VISITING THE MUSEUM STORE
Students are welcome to shop in the Farm Museum Country Store during their lunch break! The store contains many fun, inexpensive items including educational toys, juice and soda, penny candy, farm-grown produce, and eggs. We ask that you let us know before hand if you'd like this option for your students so we can be sure to have the store staffed for your visit!
FACILITIES
We have an outdoor, handicapped accessible port-a-potty restroom available on the grounds.
Program Descriptions & Details
All programs can be tailored to match specific learning goals and adapted to fit your curriculum and student interests.
The Ox-Cart Man: Farms & Families at Work
AGE GROUP – Program recommended for grades K–4 • DATES – Offered May through early November
PROGRAM SIZE – 20 student minimum • LENGTH – Approx. 3 hours (plus time for lunch)

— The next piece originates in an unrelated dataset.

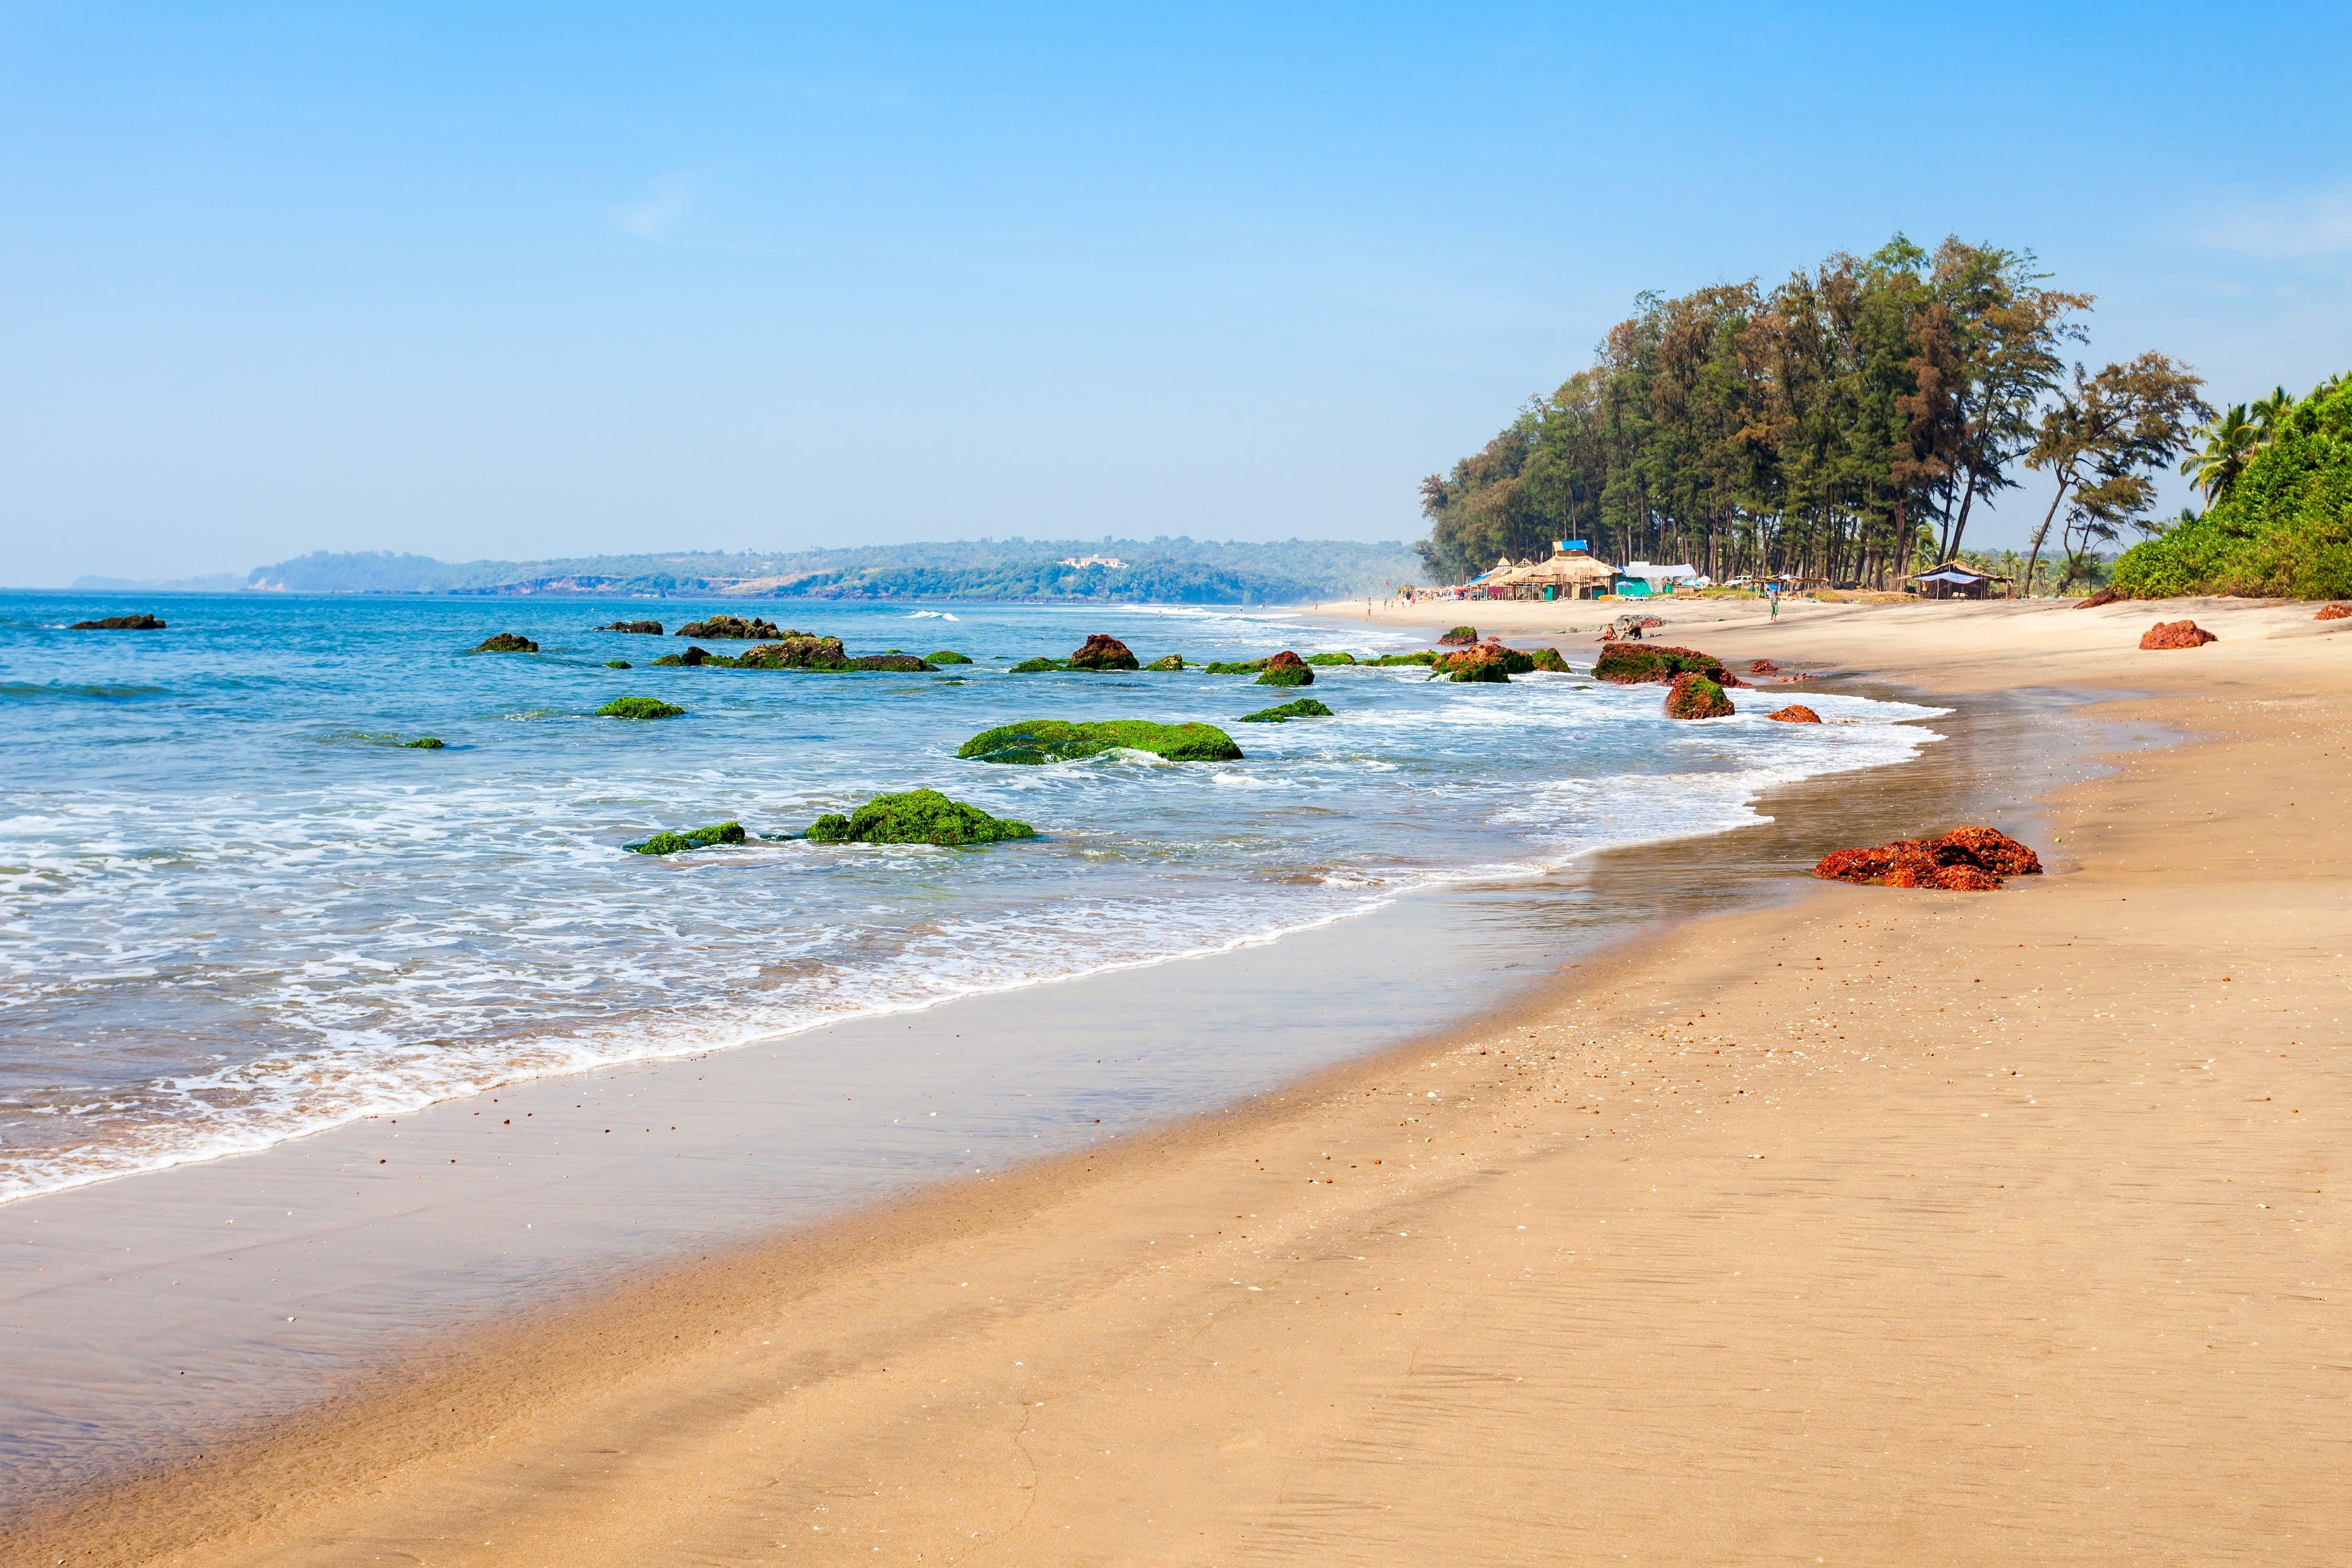 1610015848_873374-Querim_beach_Goa.jpg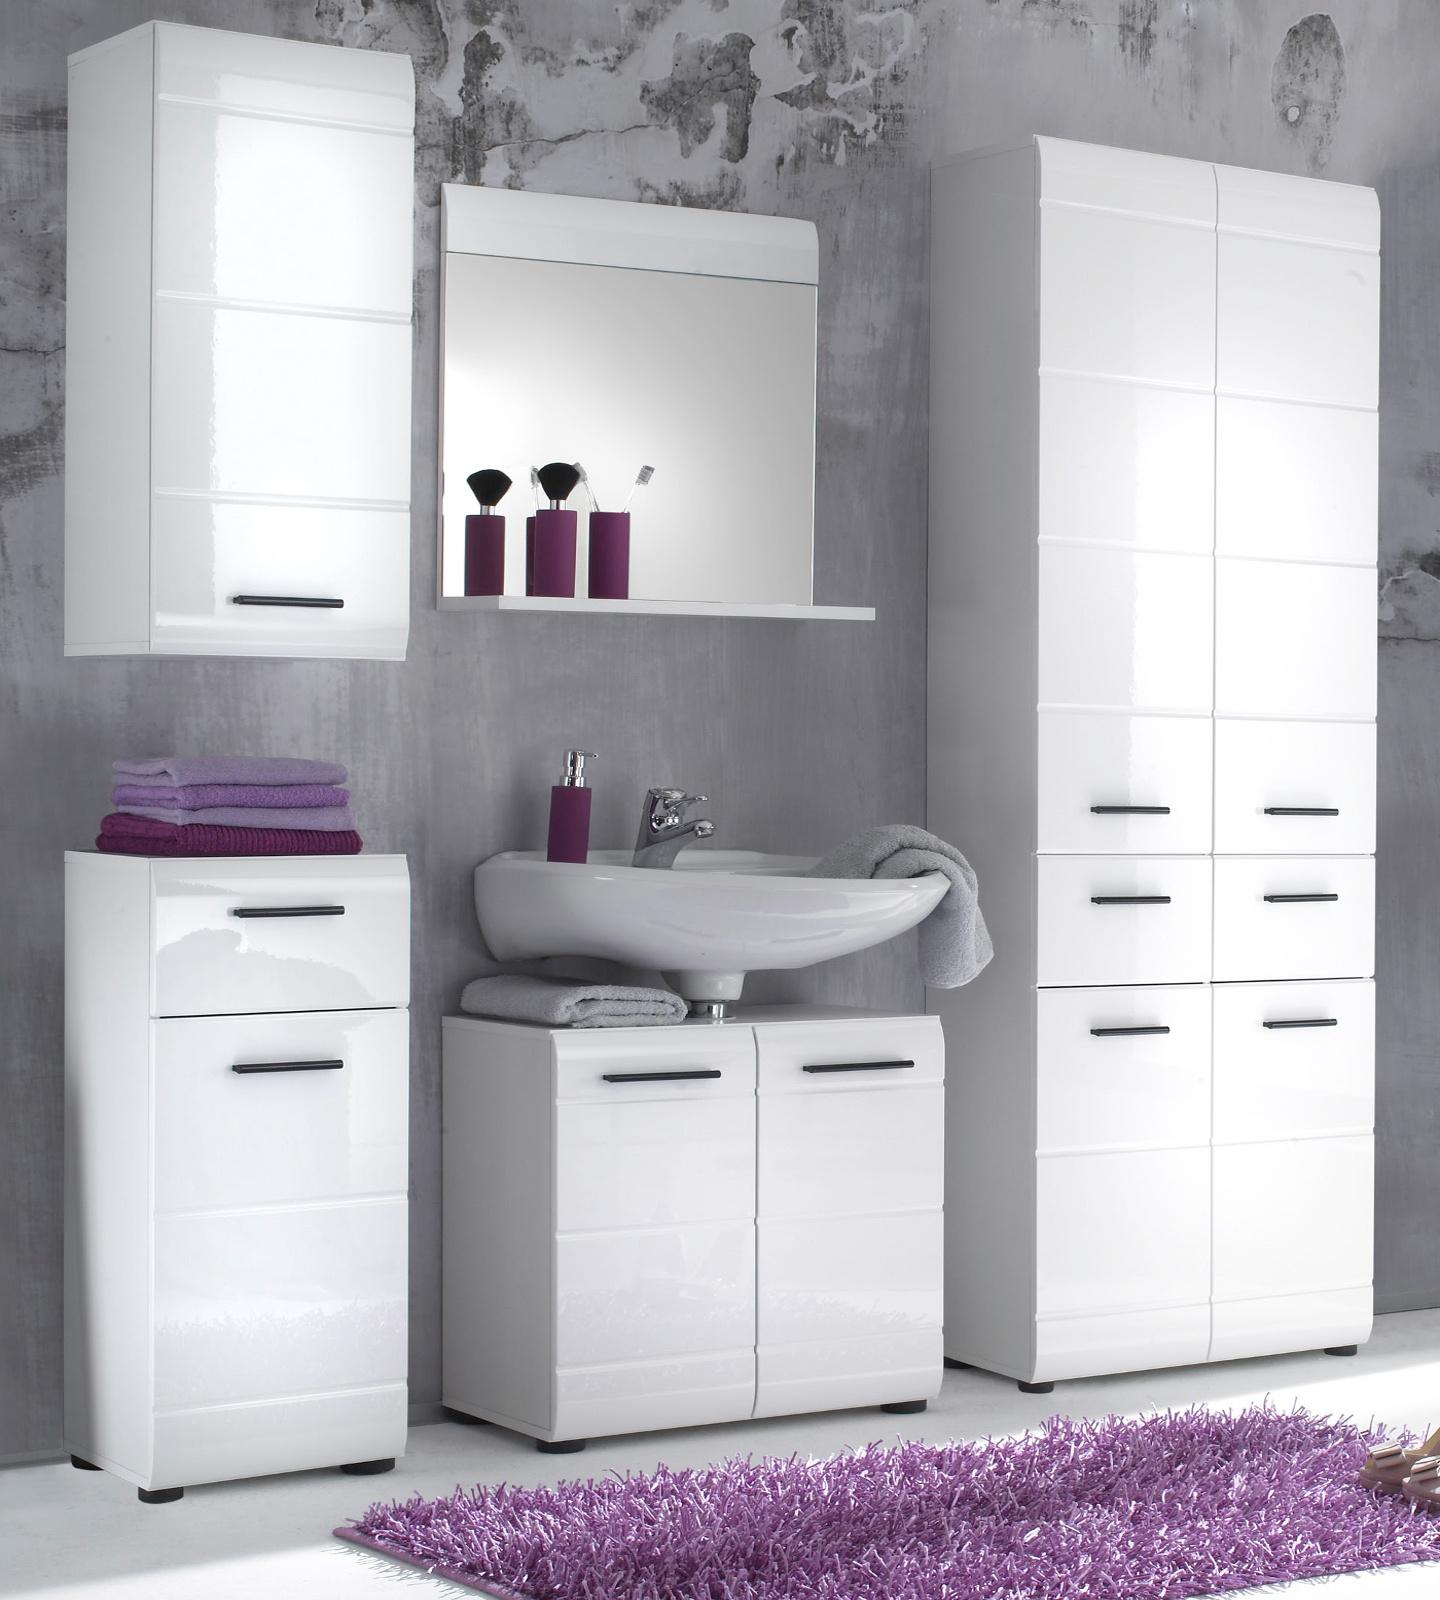 Badmöbel Set Skin Hochglanz Weiß 5 Teilig Badezimmer Waschplatz

In this hands-on program based on Donald Hall’s book, The Ox-Cart Man, children explore the way rural New England families lived and worked in the past. As the students tour the 18th-century farmhouse, they learn about the roles of each member of the household and how each was essential to make the family’s living. As they gather farm products to bring to market, children learn about the artifacts and objects of daily life in Colonial times. On their hunt through the barn, the children search for many of the farm objects depicted in the story while learning about barter and trade. Students will make butter, meet our sheep, chickens, and other farm animals, work with wool, learn about planting or harvesting (depending on the season!), and help pack the ox-cart for the trip to the Portsmouth market.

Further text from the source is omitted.